(The Center Square) – Wisconsin lawmakers have touted the economic impact of University of Wisconsin football and athletics as a reason to support a name, image and likeness bill that includes $15 million in taxpayer funds given annually toward athletics facilities and a sweeping public records exemption that applies to all spending and revenue for the athletic department.
The NIL bill could reach the Senate floor as soon as Tuesday.
That report, produced in 2022 by ESI Econsult Solutions, claimed that each UW-Madison football game brings $19 million of economic impact to Dane County. Rather than being an independent analysis of impact of the program, the report was a consultant report paid for by the university for use in public policy discussions on funding.
Economists point out that these reports don’t follow basic economic tenets such as accounting for the crowding out effect for visitors who would normally visit Madison on a fall Friday but did not due to hotel prices or availability and displaced spending in a municipality, region or state from those who would have otherwise spent disposable income at other businesses in an area.
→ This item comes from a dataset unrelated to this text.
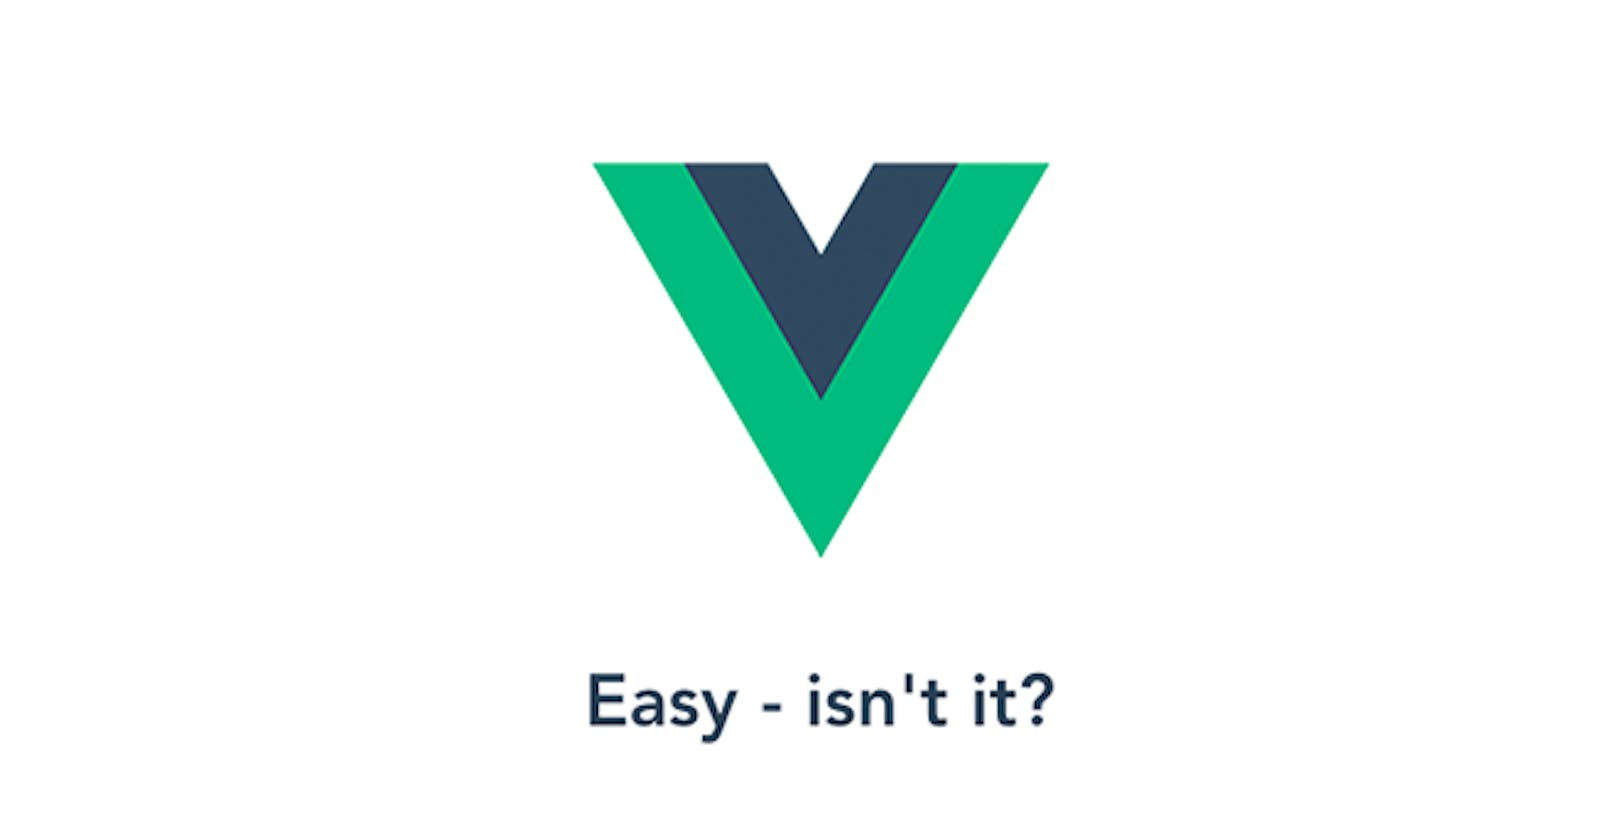 Add a headless CMS to VueJs in 5 minutes - Storyblok
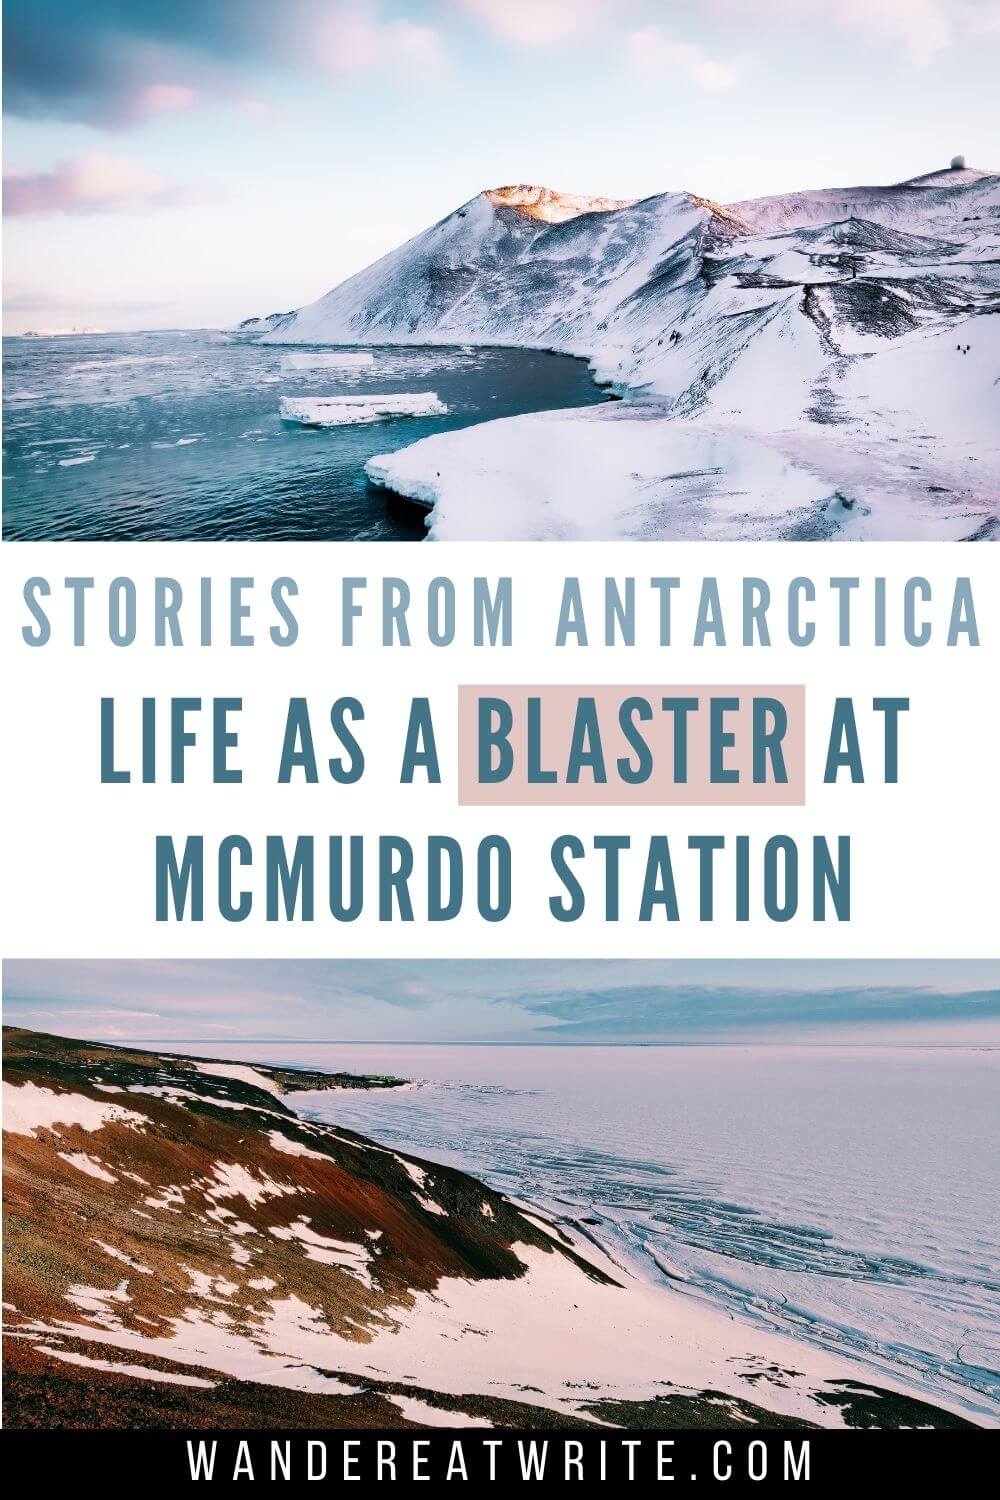 Text: Stories from Antarctica: Life as a blaster at McMurdo Station; top photo- snow-covered mountains and ocean; bottom photo- ice on mountain slope and frozen sea ice

Economist J.C. Bradbury of Georgia’s Kennesaw State University previously told The Center Square that there is a “cottage industry” of consultants who produce these reports for sports franchises to receive taxpayer incentives.
“These are totally fake and they mean nothing but they are required to provide some sort of guidance, even though they don’t,” Bradbury said.
A report from UW-Madison’s Crowe Center for Research on the Wisconsin Economy from late last year said that Badger football’s declining performance could lead to a $20 million reduction in annual revenue for the athletic department.
“Wider economic fallout includes an estimated $160 million annual loss in Madison and $280 million statewide, stemming from reduced attendance, game-day spending, tourism, and reputational value,” the report said.
The Badgers were 4-8 overall and 2-7 in the Big Ten Conference in 2025.
UW-Madison athletics operated with a $4.3 million surplus in its most recent annual NCAA financial report covering the financial year that ended in June 2025.
Athletic department officials told the Assembly Committee on State Affairs on Wednesday that football is responsible for 80% of the athletic department’s revenue. That was $113.6 million last fiscal year, according to the NCAA report, which showed the football program brought in $72 million in excess during the year.